Leveraging SPC at Arkose Labs
At Arkose Labs, when we’re defending a client against online abuse, we routinely use this technique with great success on datasets with over a million features. When a hostile agent makes their presence known to us by starting an attack, we can rapidly identify something that is an obvious unusual feature in some of their traffic. Attackers will try to hide their presence by using a variety of fake appearances for their traffic, so not all of the attacker’s traffic may have the unusual feature we detected. However, that one feature is enough to allow SPC to identify the 500-2000 features that are most powerful in discriminating between attacker traffic and normal traffic.

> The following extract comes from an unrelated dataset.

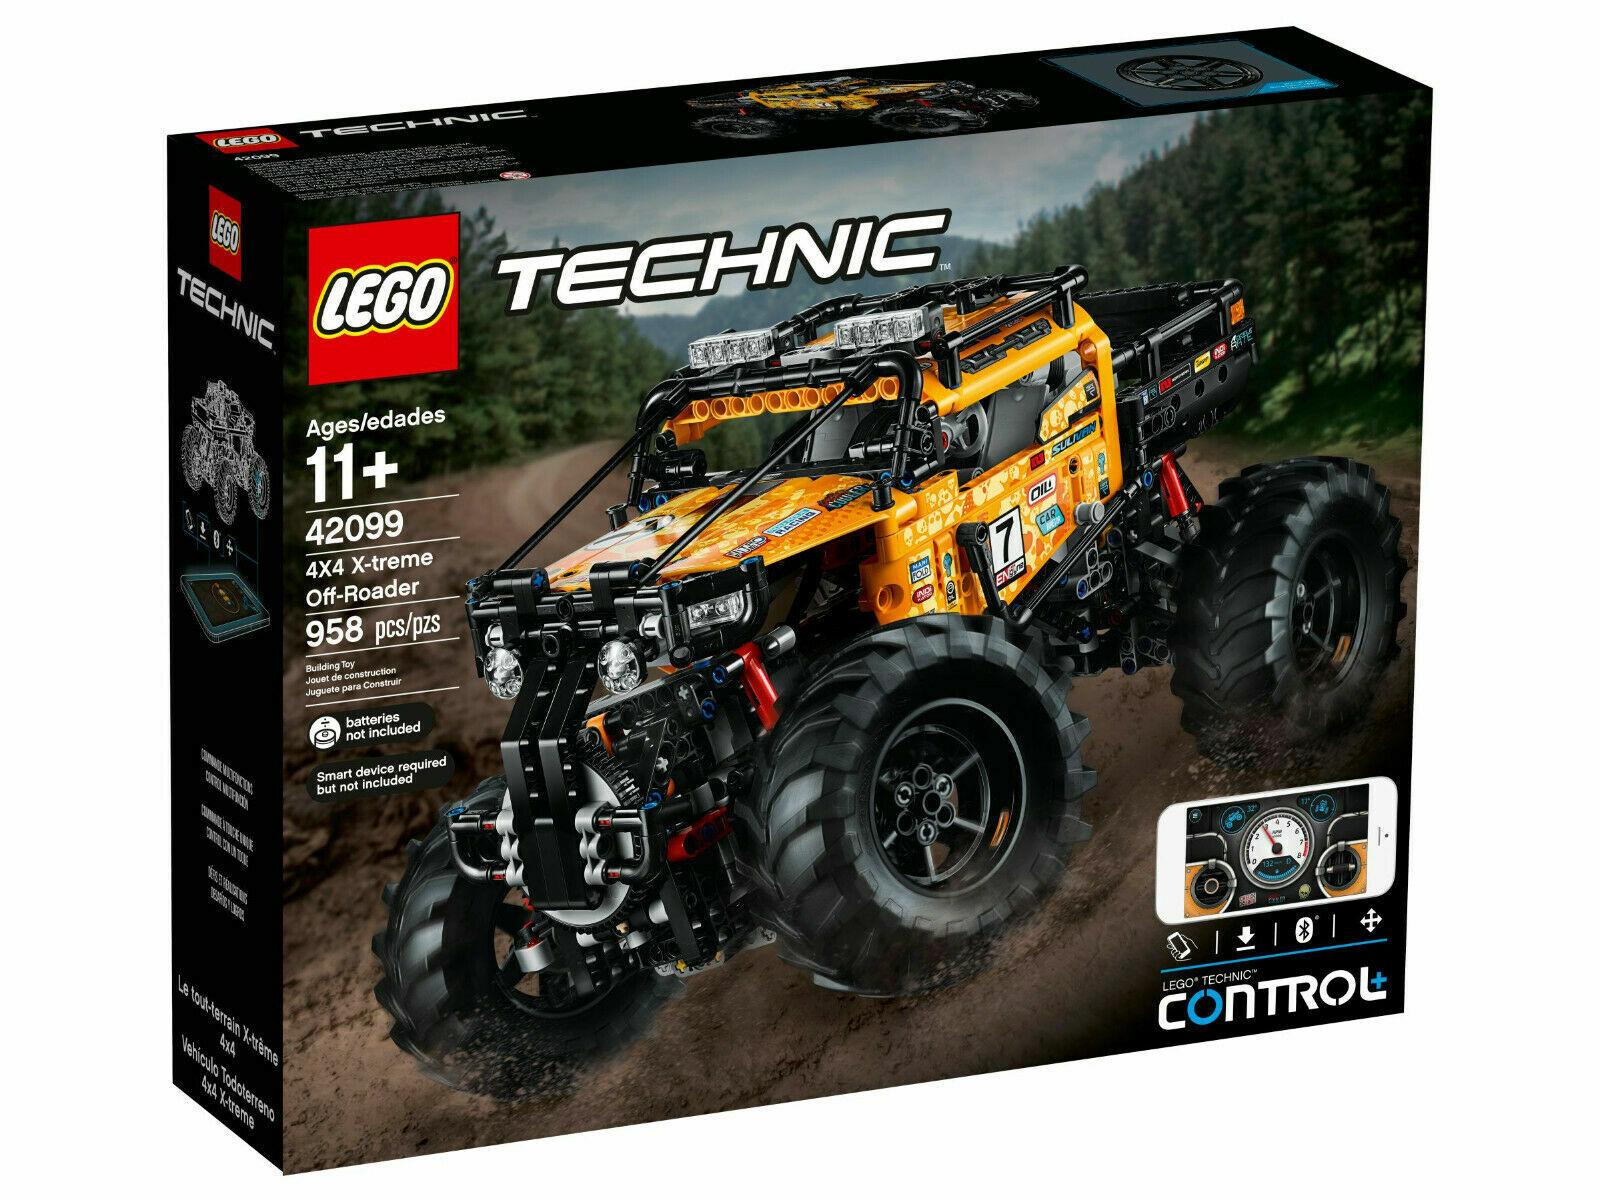 Lego Technic 42099 - Allrad Xtreme-Geländewagen NEU OVP

When we embed all of the traffic into the low-dimensional Euclidean space created by SPC, this tends to create two clusters: the normal traffic and the attacker traffic. The attacker cluster is typically a mixture of two types of traffic: traffic we know for sure to be hostile, and suspicious traffic. This suspicious traffic shares many features with the hostile traffic and also looks different from the bulk of the normal traffic being validated by the Arkose Labs platform. This newly identified suspicious traffic is then treated appropriately.
Supervised Principal Components is not a particularly well-known technique, particularly when you compare it to something like Gradient Boosted Trees or Convolutional Neural Networks. That said, at Arkose Labs we have found it to be an extremely powerful technique both for extracting insights from data, as well as for improving the contrast of a manifold to maximize the performance of our machine learning algorithms.